1. Field of Invention

The invention relates to LED chip manufacturing and more particularly to a process for encapsulating an LED chip on an insulating substrate by injection molding a fluorescent member into which a fluorescent material for wavelength conversion is added so that the shape of the fluorescent member disposed on the LED chip can be controlled precisely, thereby increasing quality and color uniformity of the produced LED chip.

2. Description of Related Art

A conventional process for manufacturing an LED (light-emitting diode) chip capable of emitting white light involves a wavelength conversion material (e.g., fluorescent material) that is excited by light emitted from the LED chip.

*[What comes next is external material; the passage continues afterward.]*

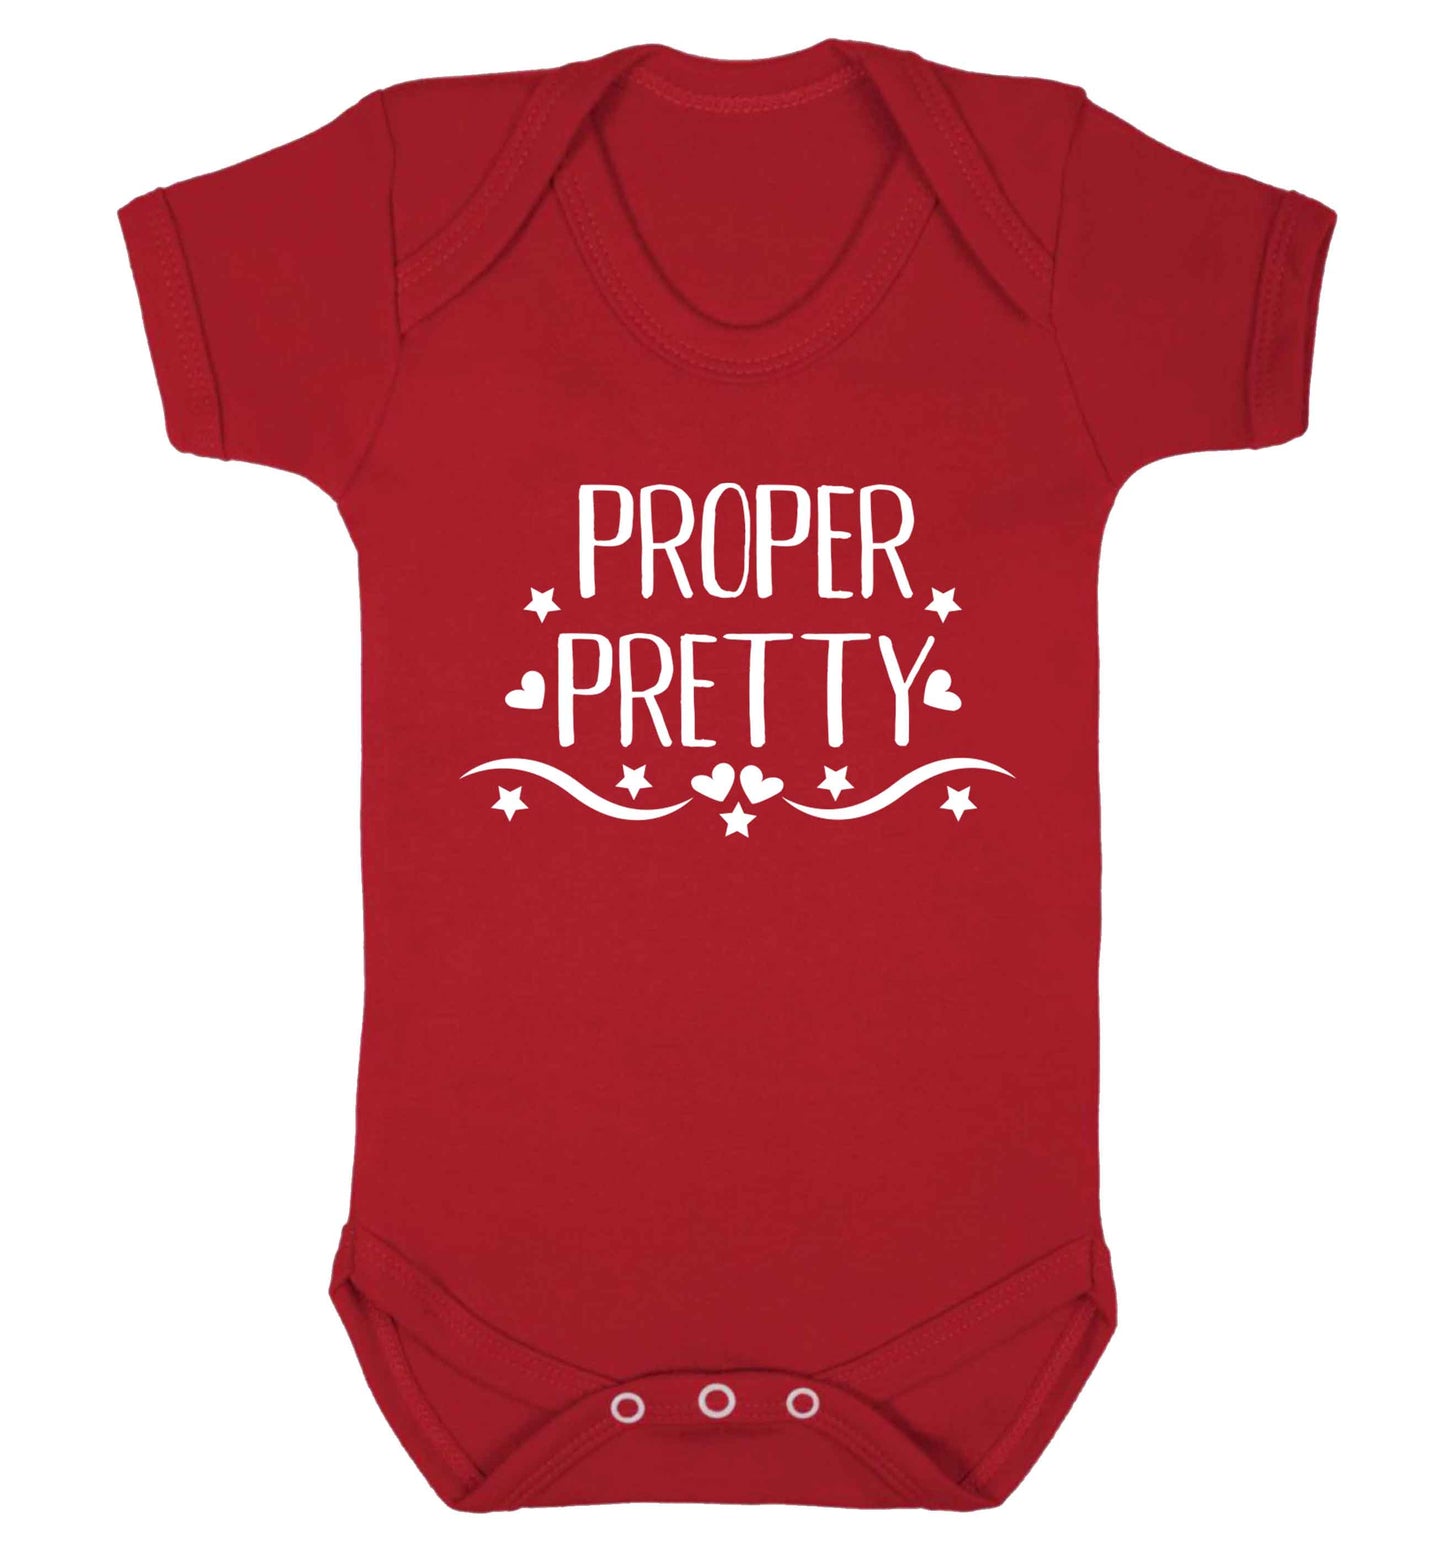 Proper pretty Baby Vest red 18-24 months

In detail, the process comprises causing an LED chip capable of emitting blue light to emit blue light for exciting a fluorescent material disposed thereabove; and converting a portion of blue light into yellow light which is in turn mixed with blue light emitted by the LED chip capable of emitting blue light to obtain white light.

A process for encapsulating a remote LED chip by a fluorescent material comprises causing an LED chip capable of emitting blue light to emit blue light for exciting a fluorescent material added in a resin (e.g., epoxy resin or silicon rubber) disposed thereabove; and converting a portion of blue light into yellow light which is in turn mixed with blue light emitted by the LED chip capable of emitting blue light to obtain white light. The process can produce LED chips capable of emitting white light with an increased brightness.

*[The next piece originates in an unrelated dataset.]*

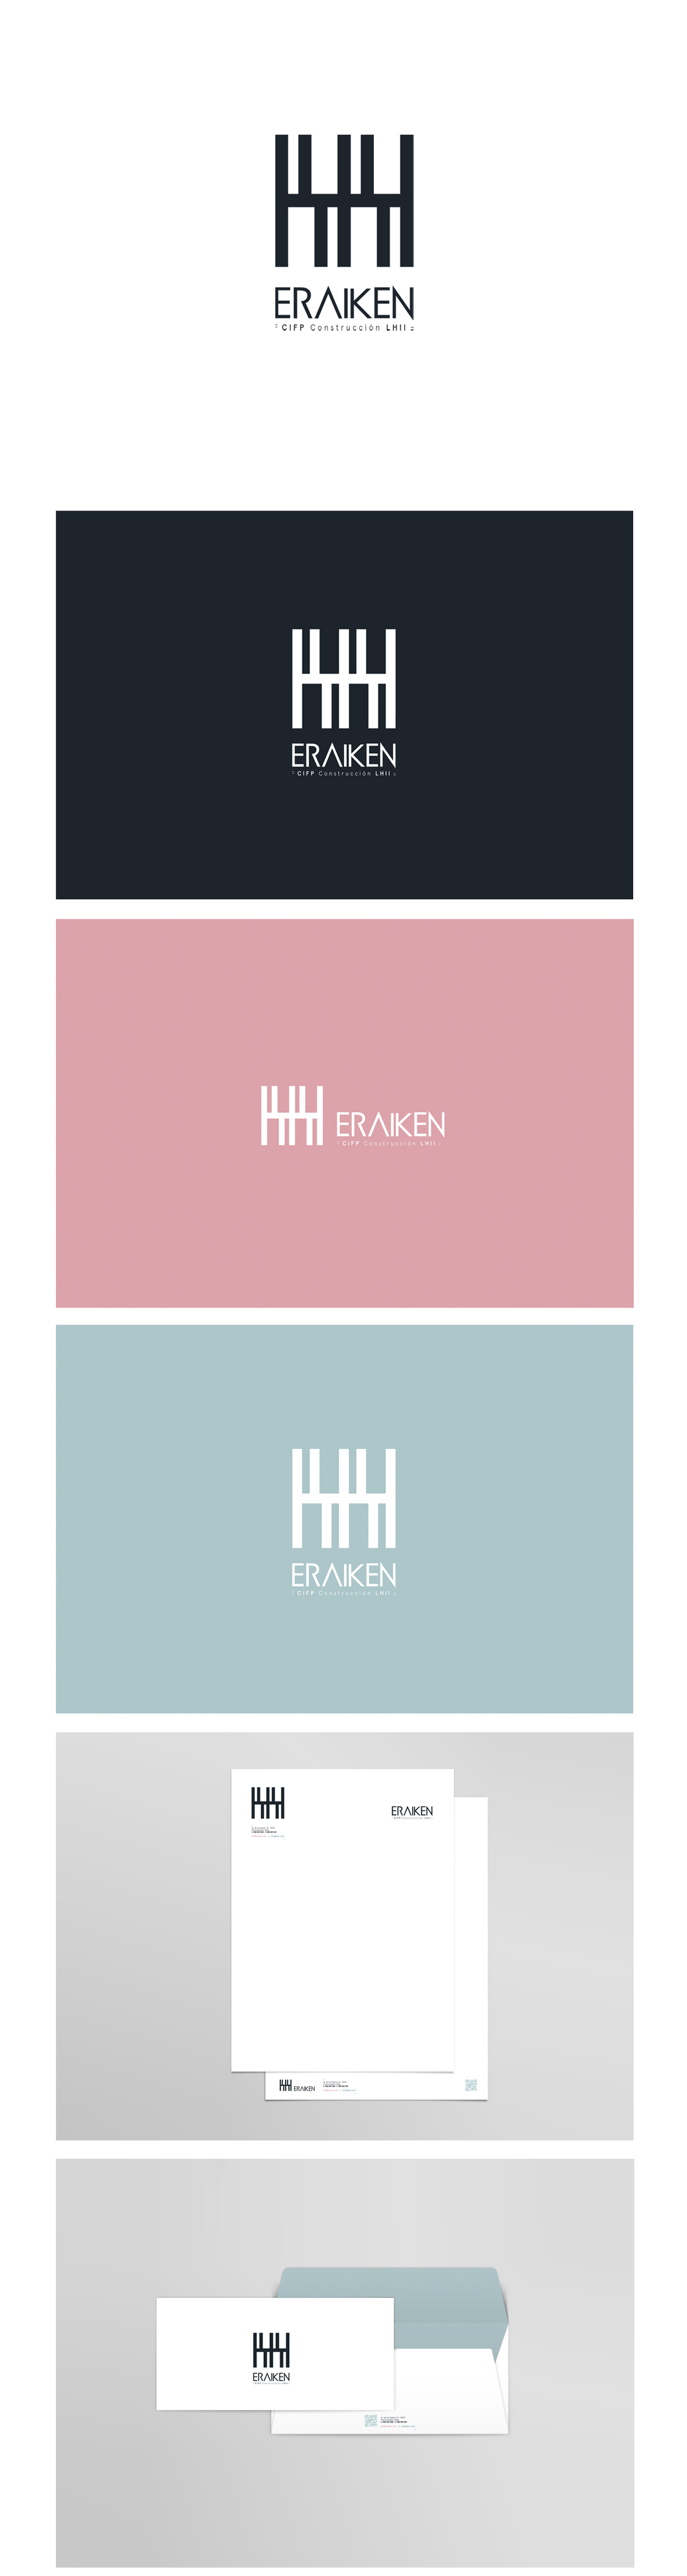 Eraiken-Logo-y-papeleria-01

Quality and color uniformity of the LED chips capable of emitting white light are closely associated with density, size, and location of the fluorescent material disposed on the LED chip. Further, the most important factor is the shape of the fluorescent material disposed on the LED chip.

The process for encapsulating LED chip capable of emitting white light by a fluorescent material is the most important process in LED chip manufacture. Generally speaking, almost all semiconductor manufacturing companies can produce LED chips capable of emitting white light with sufficient brightness. However, the well known process for encapsulating LED chip by a fluorescent material suffers from a number of disadvantages as detailed below.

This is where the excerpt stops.